Update 10/24/2008: It appears that the mcycle consumption of datastore operations are not actually counted against the soft cap and that GAE’s admin console is incorrectly including the consumption of datastore operations when issuing warnings about excessive mcycle consumption.
Update 12/16/2008: It starting to look like the mcycle consumption values I observed in GAE’s logs were accurate. The GAE team just released a new quota details page that shows both general CPU and datastore CPU and I’m seeing both get consumed pretty heavily by datastore puts. GAE also has not confirmed that issue 814, which tracks the apparent inaccuracy of the logs, is a real issue, but they did resolve issue 786 as a duplicate of 814 right quick.
Update 2/23/2009: Google removed the soft cap (“High CPU Requests” quota) on 2/13.
Well after getting my then current progress on Project Fangorn deployed to Google App Engine and spending some time playing it and fixing a few bugs, I started looking into the performance metrics in the logs. One in particular was literally raising red flags and that was number of megacycles (mcycles) used per request. Getting the overview page was taking around 9000 mcycles and issuing any command was taking anywhere from 12000 to 21000 depending on the command.

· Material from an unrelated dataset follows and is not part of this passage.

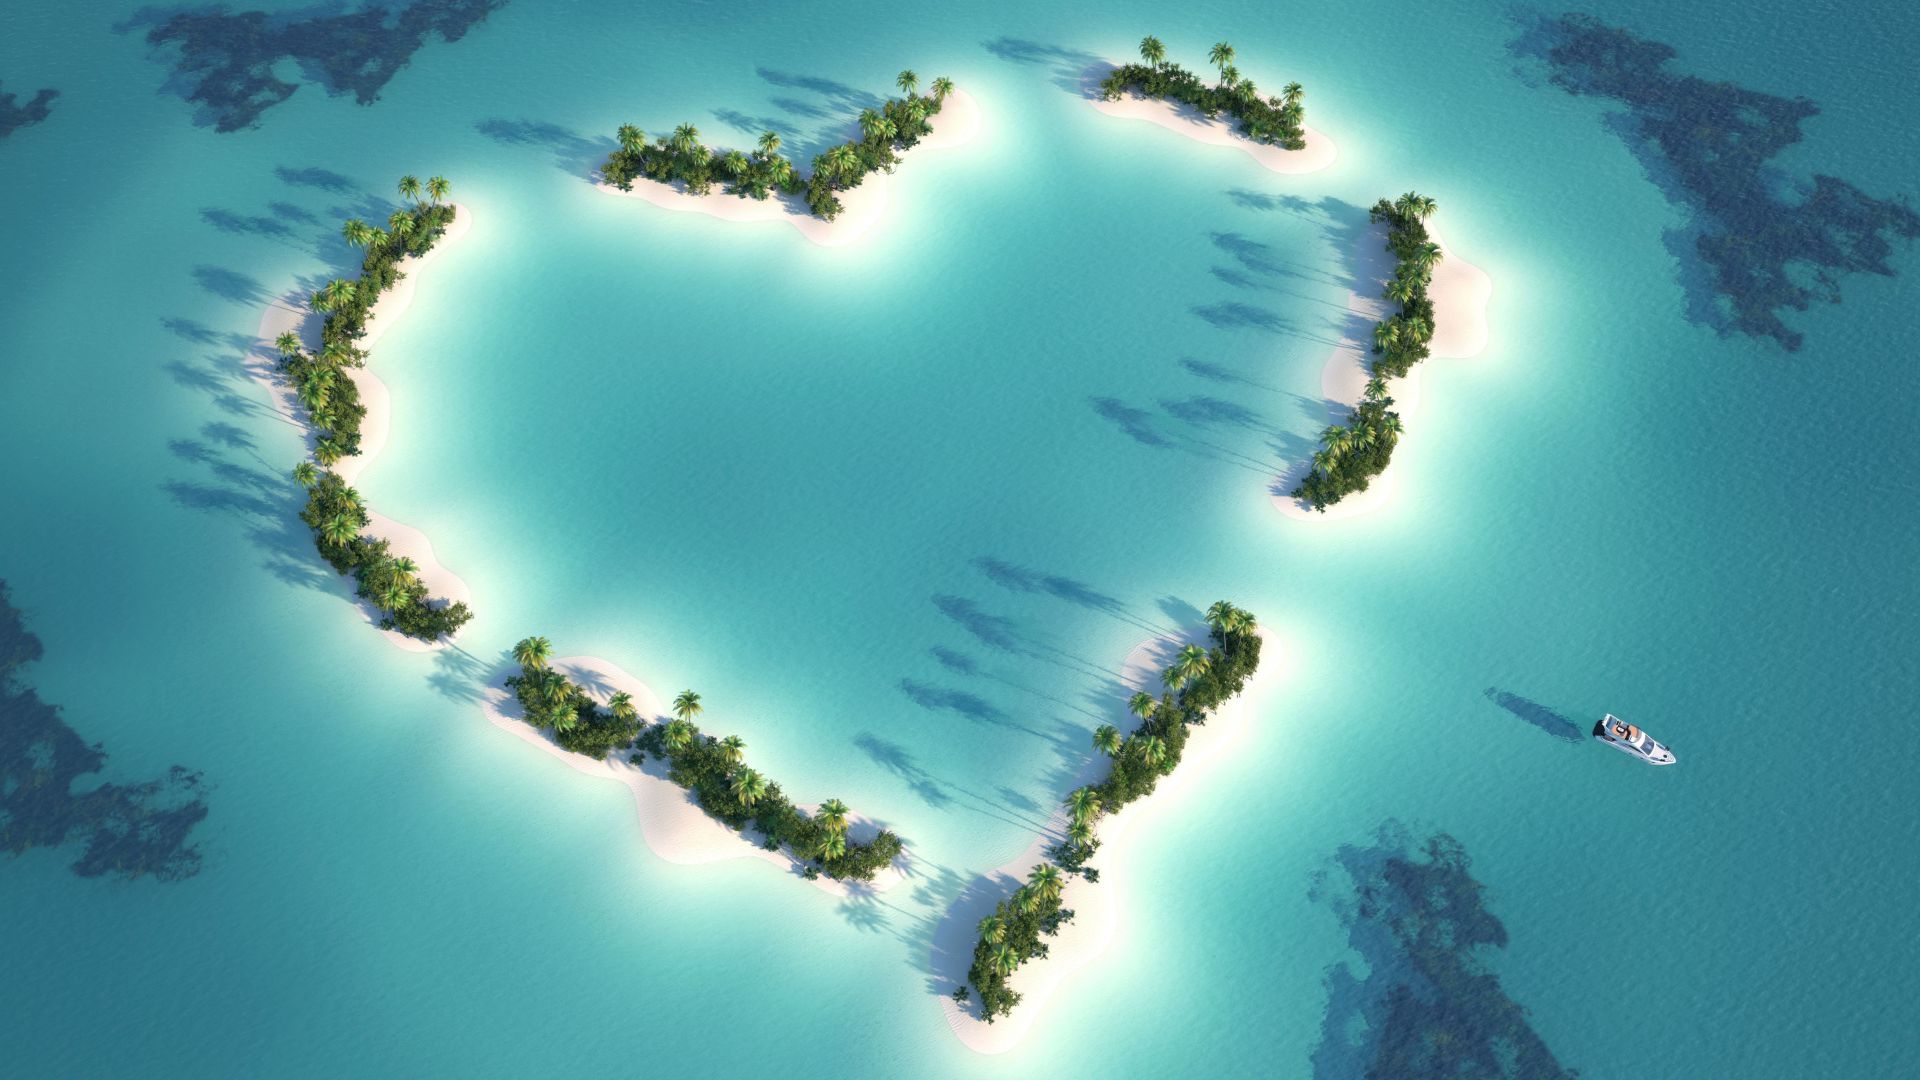 Maldives, 5k, 4k wallpaper, Indian Ocean, Best Beaches in the World, island, palms, love (horizontal)

App Engine has a soft cap of 1000 mcycles. Its a soft cap as the first request that goes over isn’t kill by the infrastructure. Google hasn’t been specific about exactly when it kicks in other then that requests consuming more then 1000 mcycles can do it.
I started investigating the serving of the overview page first as that is the most frequently requested page. After some code restructuring and making use of Google’s memcache API I was able to get down from 9000 mcycles to an average of 368 mcycles. Good deal.
Next I started looking into where all of the mcycle consumption was on processing game commands. Turns out nearly all of it is GAE datastore put (i.e. save) calls. Putting the absolute simplest entity takes 715 mcycles, putting an entity with just 4 properties is taking 864 mcycles, and putting an entity with a list of 40 strings each of 14 characters in length takes 2140 mcycles. That’s only the time to put the entity. If you are doing an arithmetic update to an existing entity you need to get it first before putting it to ensure you are doing the math on the current state of the data. The net results if you have an entity with more then handful or properties to update you’ll consistently be over the 1000 mcycle cap when processing user input and you can forget about updating two entities during on request.
I’ve raised the issue on the GAE discussion group here and here and I’ve also created issue 786 in their issue database to track this issue, but so far no response from any GAE folks. For the time being I’m halting development on Project Fangorn, as I need to be able update multiple entities when processing a user’s command without GAE temporarily ceasing to serve my application.